Ce dernier écrit, quant à lui, se penche sur la parole sous toutes ses facettes. En tant qu’êtres de langage, comment collaborons-nous, comment dialoguons-nous, comment travaillons-nous ? Trouver les bons mots, oser dire, mentir, taire, juger, garder le silence font partie d’une panoplie de possibilités que les professionnel·le·s ont à disposition dans leur travail quotidien.

« Une parole qui s’autorise mais ne s’ordonne pas, qui tient ses promesses, s’écoute quand elle se fait jugement et violence. Qui met au travail quand elle dénonce un manque. Nous lie à autrui. Une oralité, se différenciant de l’écrit et non rabattue sur la communication » (p. 10).

J’ai sélectionné, pour cette présentation, des fragments de son livre qui me paraissaient très en lien avec le métier et mon travail de tous les jours.

L’ouvrage se divise en trois parties :

I) Conditions d’une parole

Par exemple, entre mensonge et promesse, y a-t-il un lien, l’un·e vaut-il·elle plus que l’autre, avons-nous parfois besoin de mentir, est-ce bien de toujours dire la vérité ?

Pas de recettes, pas de normes, pas de « kit de la bonne parole » : Cifali aborde la thématique de manière plurielle, dans des tensions et des paradoxes qui coexistent. Les propos sont là pour nous mettre au/en travail. Ils ouvrent les portes du questionnement, sans les refermer par des réponses ou des préceptes.

Quelques extraits :

« La promesse comme engagement de parole vis-à-vis d’un autre scelle la sincérité d’une relation, et la consistance de celui qui la tient. Lorsque nous lui disons : “Vous y arriverez”, alors que nous connaissons sa difficulté présente, lui mentons-nous ? » (p. 25).

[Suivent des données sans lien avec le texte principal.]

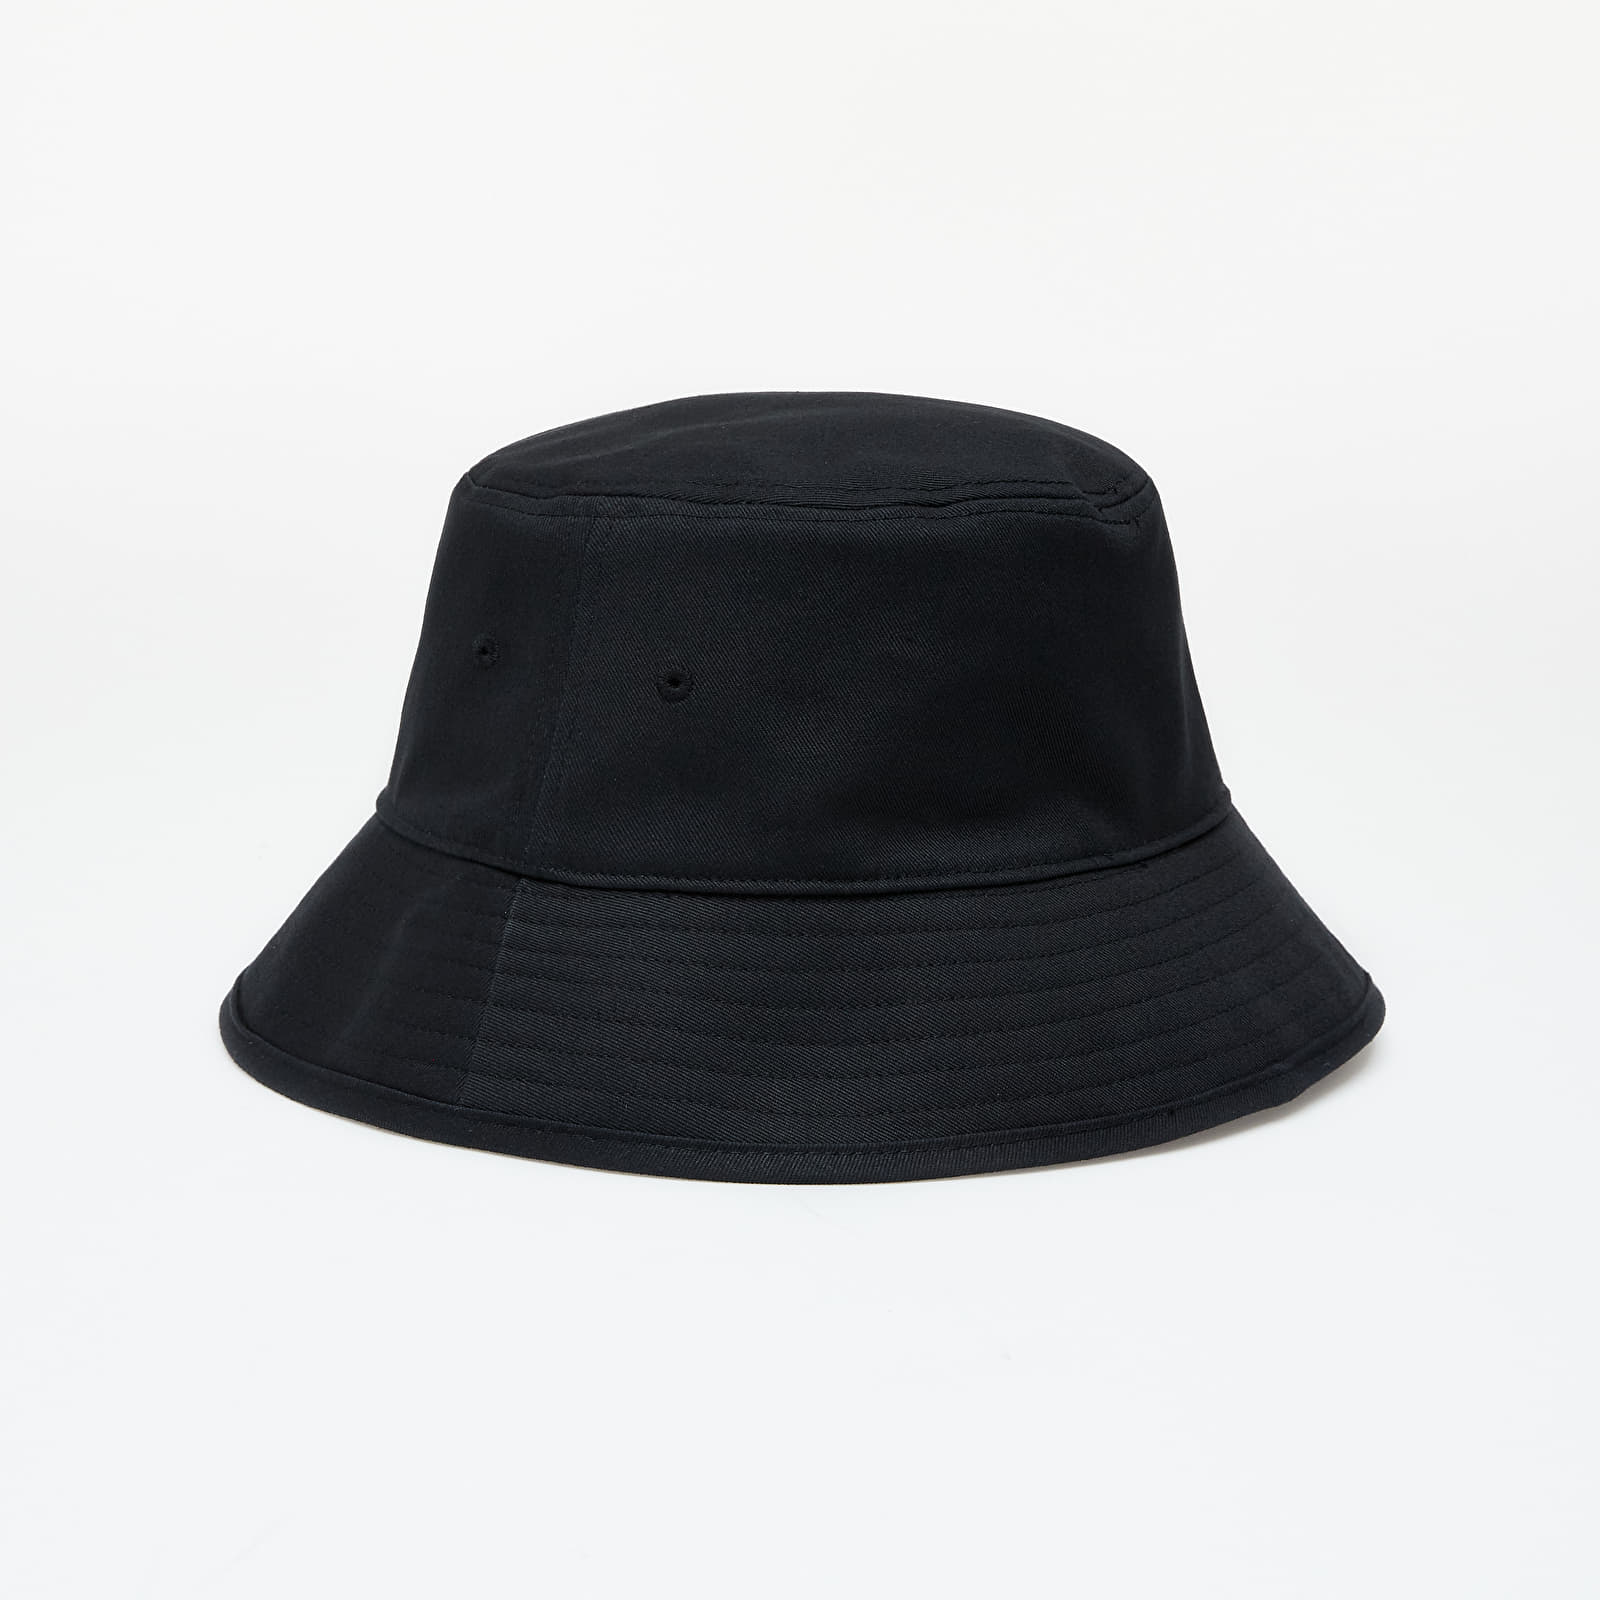 adidas Adicolor Trefoil Bucket Hat Black/ White OSFM

« Il est des paroles de vérité qui sont des assassinats lorsque nous les prononçons sans nous préoccuper des effets qu’elles auront sur lui.[3] Il est des omissions qui sont de sollicitude » (p. 27).

« Prononcer ce mot (bienveillance) n’induit pas que nos gestes le seront, bienveillants, dans les situations singulières rencontrées. L’énoncer demande tout un travail pour qu’il soit en accord avec ce qu’il signifie » (p. 28).

« D’où vient que nous jugeons un enfant sur ce que nous ne sommes pas ? » (p. 30).

II) Conditions d’un dialogue

Pour cette partie, je m’attarde principalement sur les chapitres 1. En arriver à exclure et 2. Rêver d’inclure.

Côté pile – Personne ne souhaite exclure, quoique… Interroger notre rapport à l’exclusion, non seulement le nôtre, mais aussi celui des institutions dans lesquelles nous travaillons, est intéressant à plus d’un titre. Toutes et tous affichent dans les projets pédagogiques divers comme dans les discours officiels, l’inclusion et l’intégration. Les missions des institutions de la petite enfance, quant à elles, sont clairement d’accueillir, d’accompagner.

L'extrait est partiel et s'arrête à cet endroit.